Frankincense resin has been considered throughout the ages to have a wealth of health supporting properties. The resins of Boswellia carteri and Boswellia serrata have been used for the treatment of rheumatoid arthritis and other inflammatory diseases (2) such as Crohn’s disease (3) in traditional medicine of many countries.

Its anti-inflammatory activity has been attribute to the resin’s ability in regulating immune cytokines production (4) and leukocyte infiltration (5,6). Boswellia serrata extract also exhibits anti-bacterial and anti-fungal activities (8). As shown elsewhere, given cancer’s fungus-like behavior, anti-fugal substances are generally useful in the treatment of cancer.



As we saw, frankincense oil is prepared from aromatic hardened gum resins obtained by tapping Boswellia trees. One of the main components of frankincense oil is boswellic acid, a component known to have anti-neoplastic properties. In this perspective, it has been shown that these acids possess anti-cancer activities, based on their anti-proliferative and pro-apoptotic activities in rat astrocytoma cell lines (8) and in human leukemia cell lines (9) as well as their anti-carcinogenic activity in chemically induced mouse skin cancer models (10).

In yet another study, extracts from the resin reduced the peritumoral edema in glioblastoma patients (8) and reverses multiple brain metastases in a breast cancer patient (11). These results suggest that frankincense resin contains active ingredients that modulate important biological activities.



In search of the active medicinal ingredients of frankincense resins, Chevrier et al. reported that ethanol extract of Boswellia carteri resin comprises 7 boswellic acids (4). Akihisa et al. reported that methanol extract of Boswellia carteri resin consists of 15 triterpene acids, including boswellic acids, and 2 cembrane-type diterpenes (12). 11-keto-β-boswellic acid, the most potent anti-inflammatory component of the resin, selectively blocks leukotriene biosynthesis through inhibiting 5-lipoxygenase activity in rat neutrophilic granulocytes (13) and provides protective effects in a chemically induced mouse ulcerative colitis model (14).

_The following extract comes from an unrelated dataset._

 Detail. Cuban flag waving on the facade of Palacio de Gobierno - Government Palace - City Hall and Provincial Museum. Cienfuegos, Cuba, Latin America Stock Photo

Boswellic acids also prevented endotoxin/galactosamine-induced hepatitis in mice (15). In addition, boswellic acids have been shown to possess anti-cancer activities through their cytostatic and apoptotic effects in multiple human cancer cell lines including meningioma cells (16) leukemia cells (17) hepatoma cells (18) melanoma cells, fibrosarcoma cells (19), and colon cancer cells (20).

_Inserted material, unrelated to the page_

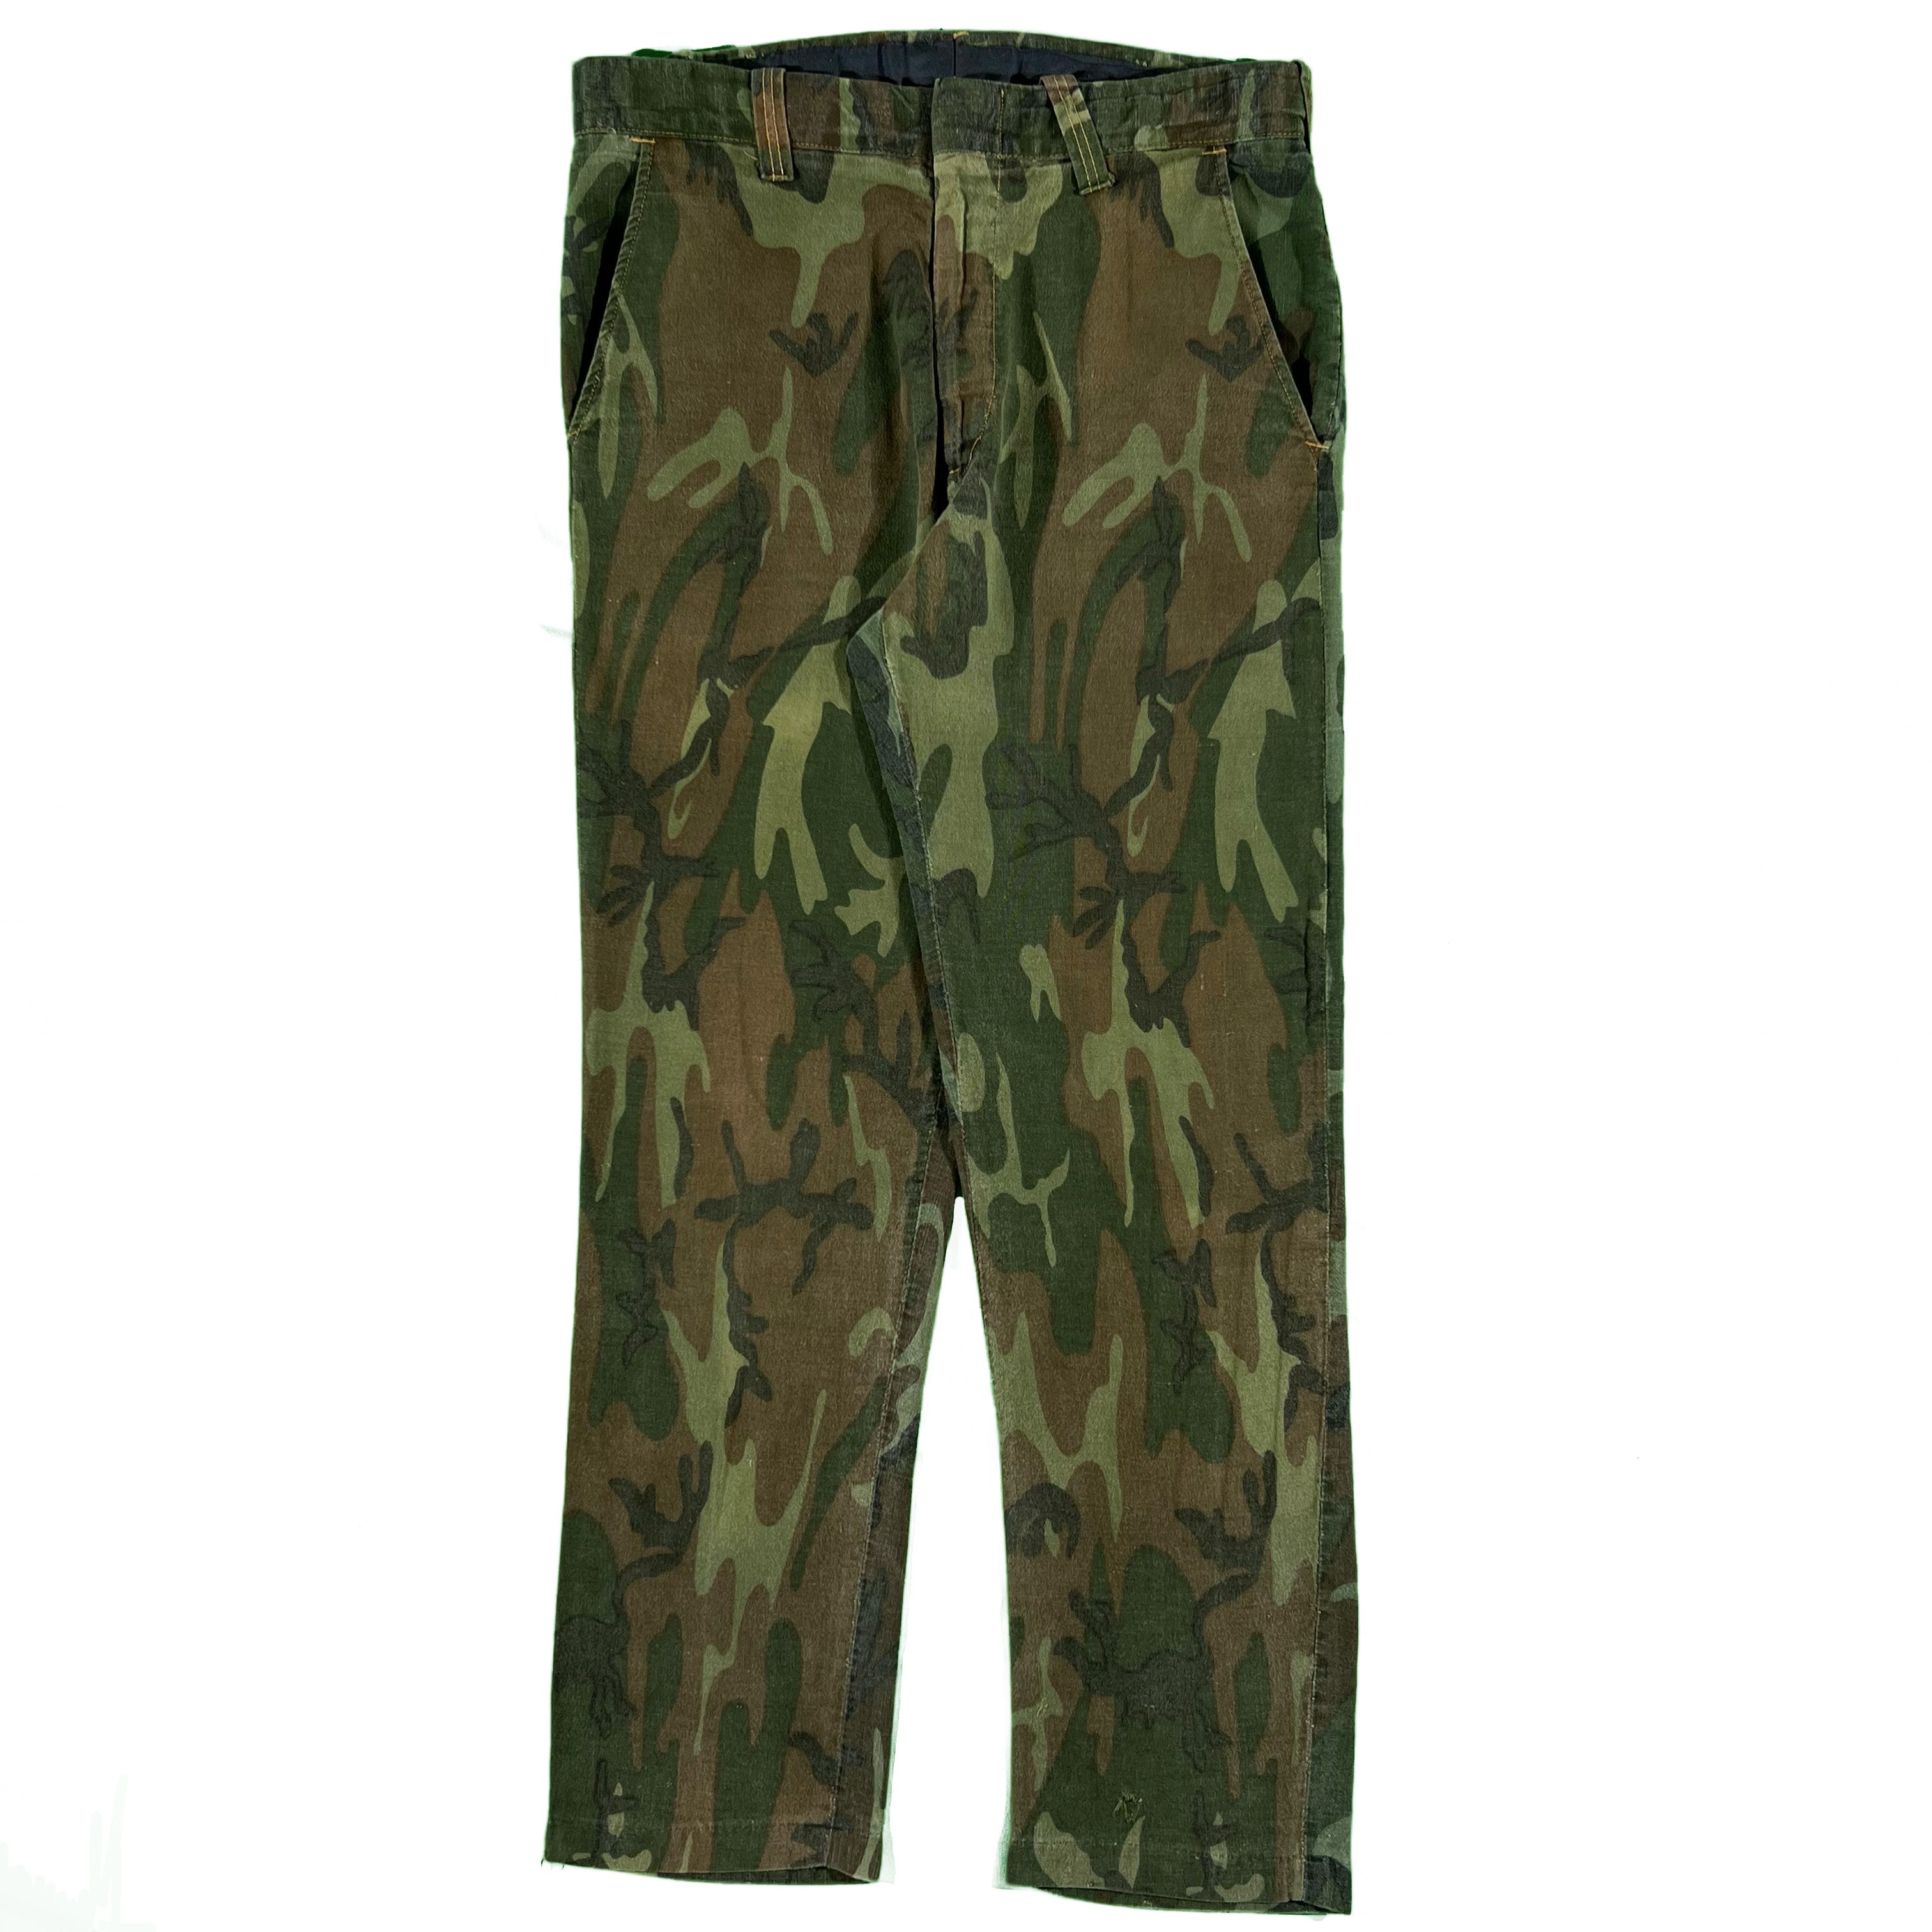 Camo/Military – Plum Garments

In yet another study, it was demonstrated that frankincense oil can discriminate bladder cancer cells from normal bladder urothelial UROtsa cells and suppress cancer cell viability. Based on gene expression analysis, frankincense oil activated several anti-proliferative and pro-apoptotic pathways that might be responsible for frankincense oil-induced cancer cell death. This study’s conclusion is as follows:

“Frankincense oil appears to distinguish cancerous from normal bladder cells and suppress cancer cell viability. Microarray and bioinformatics analysis proposed multiple pathways that can be activated by frankincense oil to induce bladder cancer cell death. Frankincense oil might represent an alternative intravesical agent for bladder cancer treatment.” (21)


Most of these studies including the last one where not performed on human beings. More confirmation via clinical trials are therefore indicated. However, we have enough anecdotal and pre-clinical evidence to support the claim that frankincense is safe and useful for cancer patients as an adjunctive therapy.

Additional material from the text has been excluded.